No entanto, A Uma Hora Incerta nada tem de filme de espiões, aristocratas ou actrizes famosas cirandando pela Lisboa de cartão (ou de postal) com microfilmes e segredos de Estado. É um filme recluso do espaço de um hotel abandonado, onde poucos são os que por lá passam. Corredores vazios, quartos esquecidos, lençóis sobre a mobília. Saboga olha o ano de 1942 e tenta secar-lhe todo o encanto do filme de época e todo o esplendor dos plots convulsos dos filmes do período da Segunda Guerra Mundial, fica então o retrato de um país sem que se mostre o país que se retrata, isto é, o hotel abandonando funciona como reflexo do país: fechado sobre si, tudo coberto de paninhos (quentes), pejado de refugiados indesejados, tudo silencioso e sombrio – entre intrigas, leituras de Bíblia ao deitar, leituras do Avante às escondidas, refugiados evitando serem vistos e “romances” secretos entre polícias e desordeiros, subalternos e sopeira.

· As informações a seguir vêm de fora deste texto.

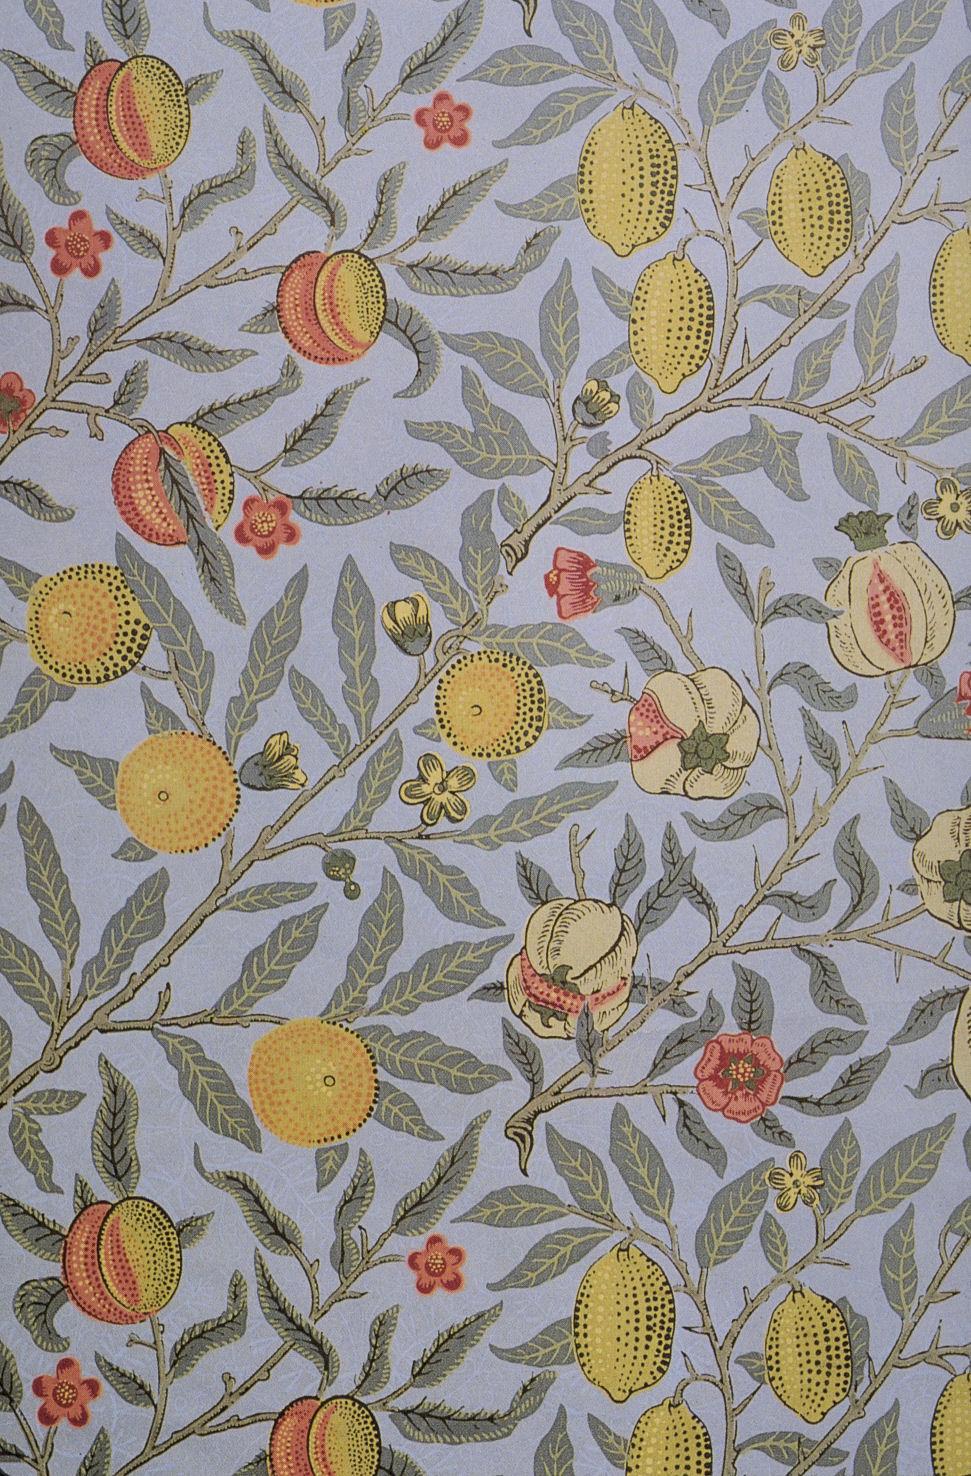 file morris fruit wallpaper c wikimedia commons
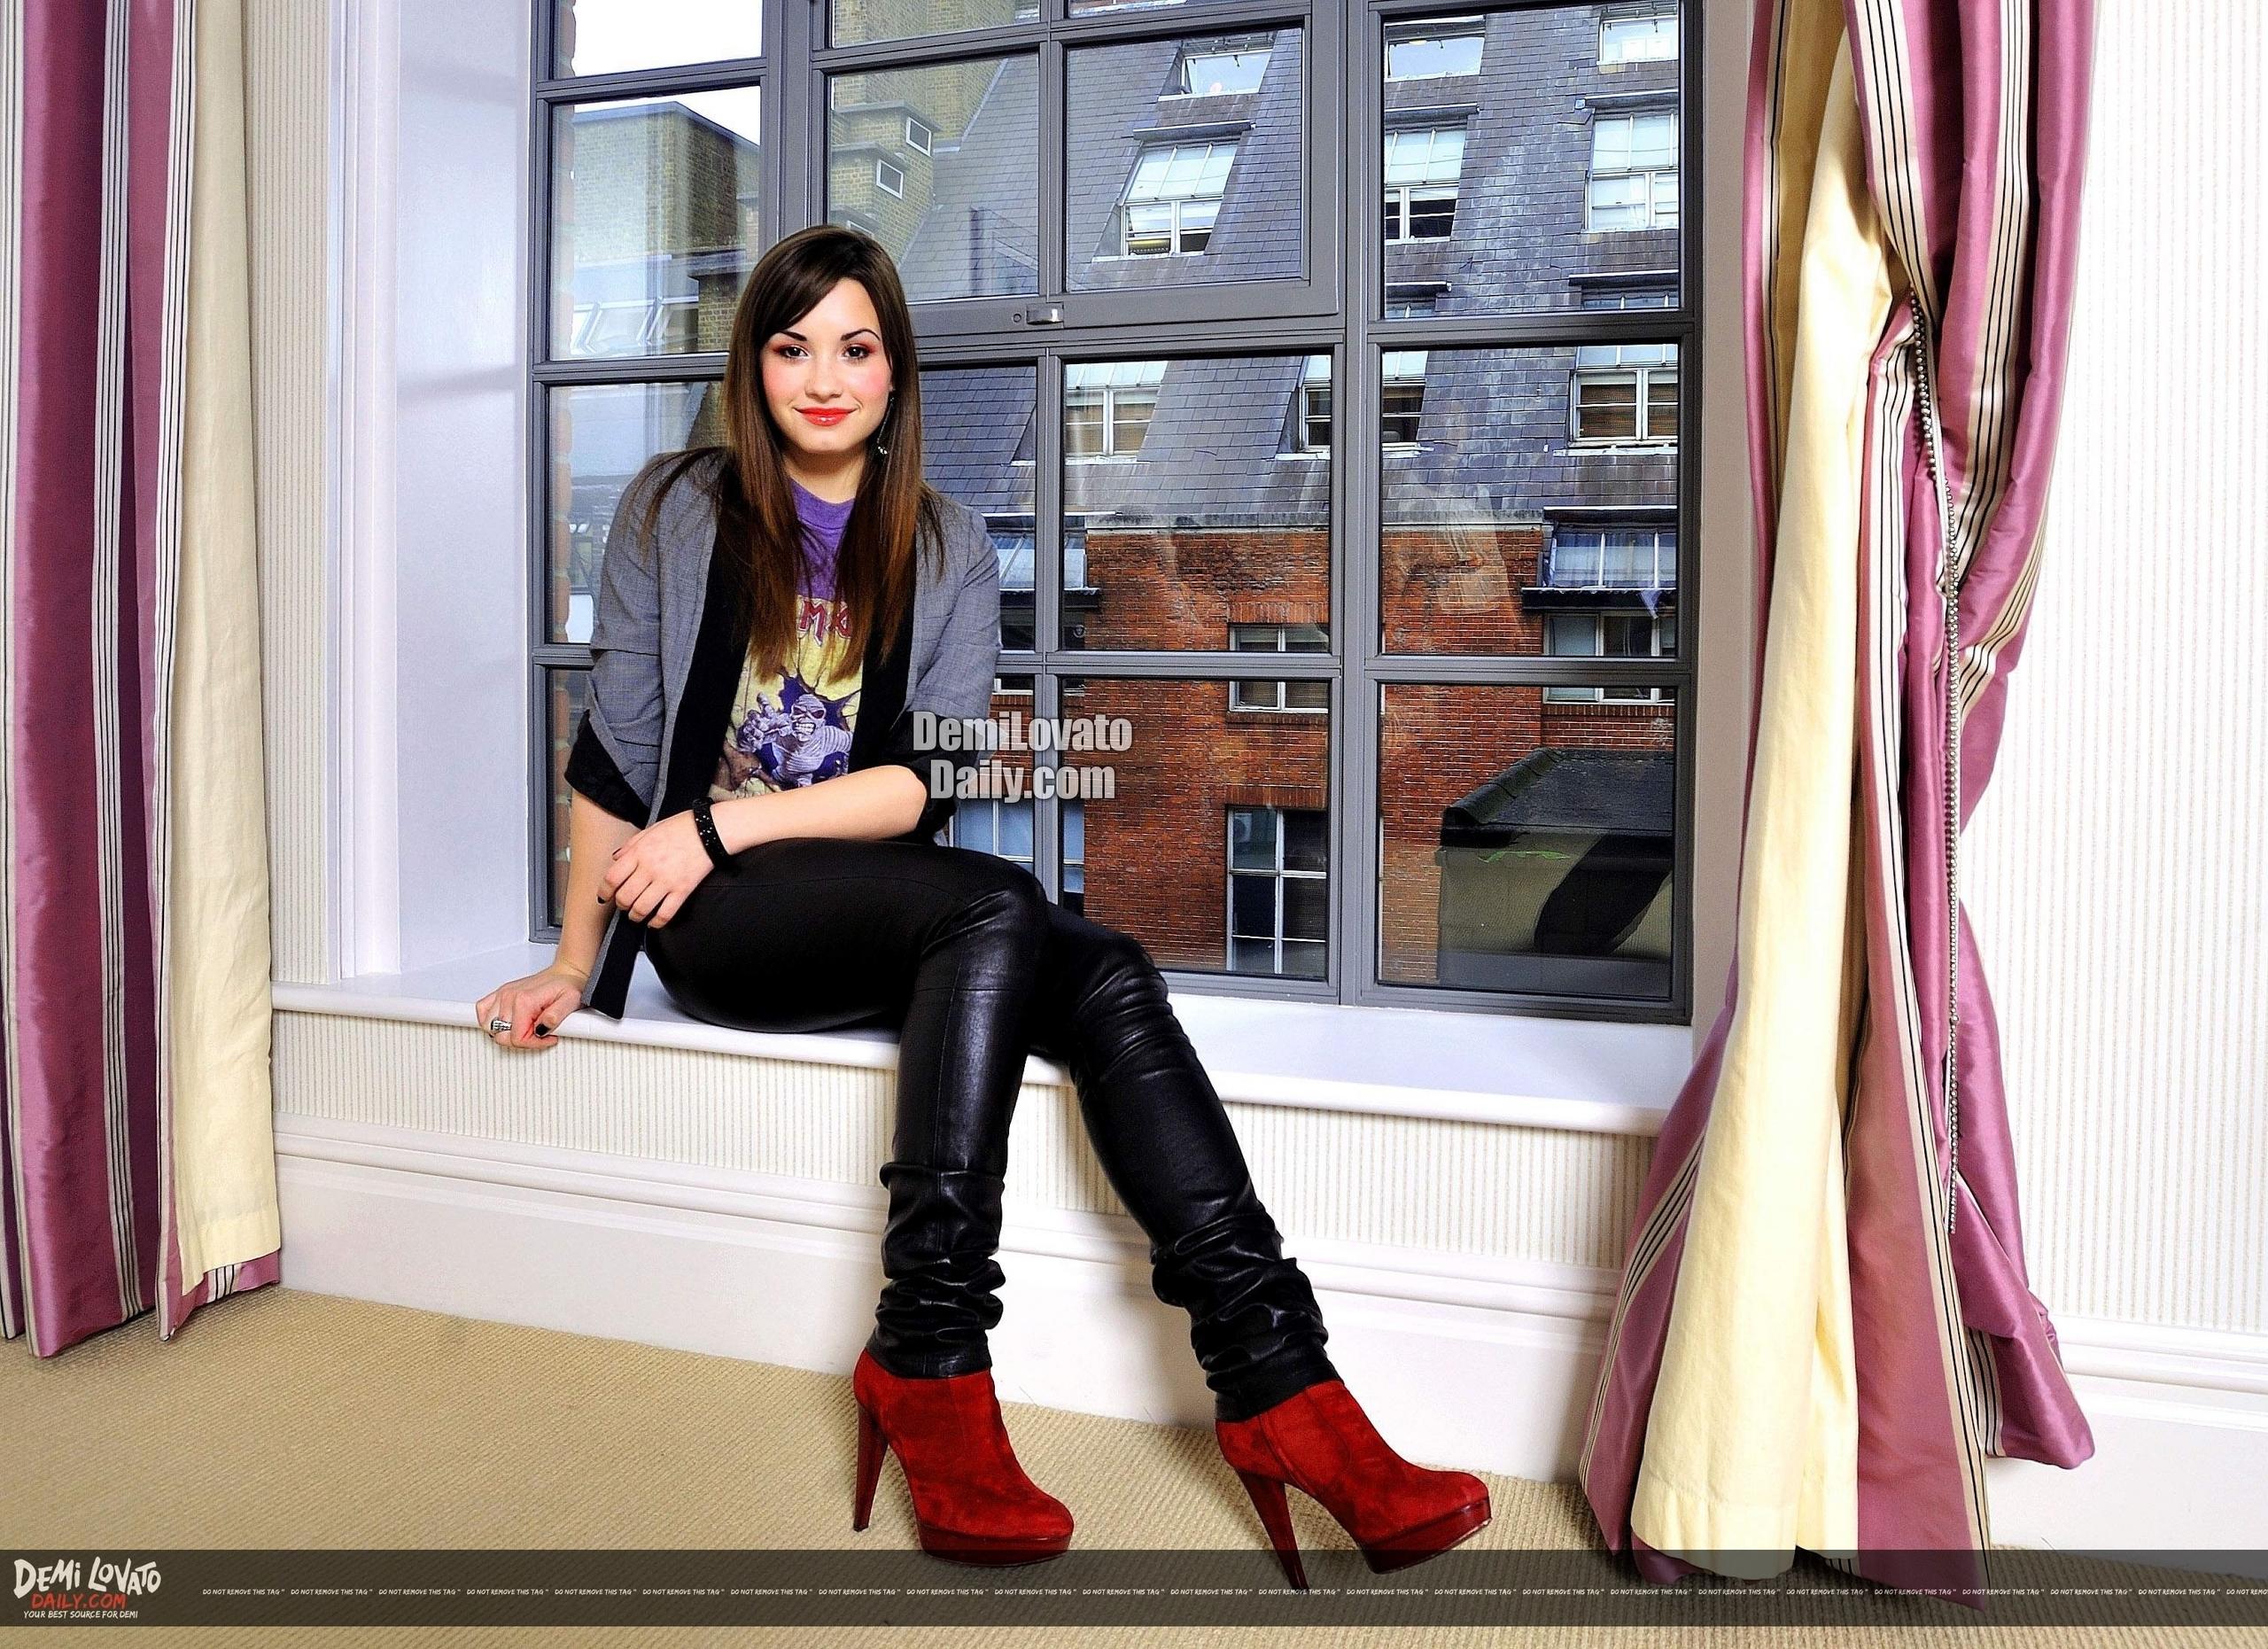 Demi Lovato D Mirror 2008 Photoshoot Anichu90 Photo

A esse respeito, Saboga, pela mão do seu director de fotografia e colega de vários trabalhos Mário Barroso – que o terá aprendido com o mestre Oliveira -, filma várias vezes os seus personagens por entre portas, cortinados, entre móveis, vidros e janelas entreabertas, como se tudo funcionasse no sentido de acentuar esse estado de coisas onde o pouco que se via e se fazia era pela metade; e mais que isso, onde nada escapava sem ser ouvido ou visto por alguém. E aqui a referência já não pode ser a claridade romântica de Curtiz, mas a desolação wellesiana em Xanadu e a força destrutiva e decadente do outro “policial” onde também havia um Vargas e um seu colega que (n)os encaminhava para o fundo do poço.
A maior força do filme acaba por ser também a sua maior falência, já que num espaço só tudo se sublima e evidencia (daí as pequenas pistas cinéfilas tomarem tanto a minha atenção) e com isso também as pequenas claudicâncias vindas de um certo excesso televisivo dos actores (e um total miscast de Joana Ribeira que, apesar das trancinhas e do blush, dificilmente passará por uma menina adolescente, uma Ana Padrão literalmente desaproveitada e uma Joana de Verona com uma cena e duas linhas de diálogo) ou um lado decorativo da direcção de arte e do guarda roupa que a todo o momento parecem enunciar-se, castrando a força dramática do filme e do seu enredo.
P.S.: Note-se o raccord entre a cena das tripas do peru neste A Uma Hora Incerta com a cena das codornizes decapitadas da estreia de Saboga na realização, Photo (2012) – “prefiro as histórias do antigo testamento… têm mais sangue”, ouve-se a certa altura neste último, e eu oiço “prefiro as histórias do Estado Novo… têm mais intriga”, da mão de Saboga.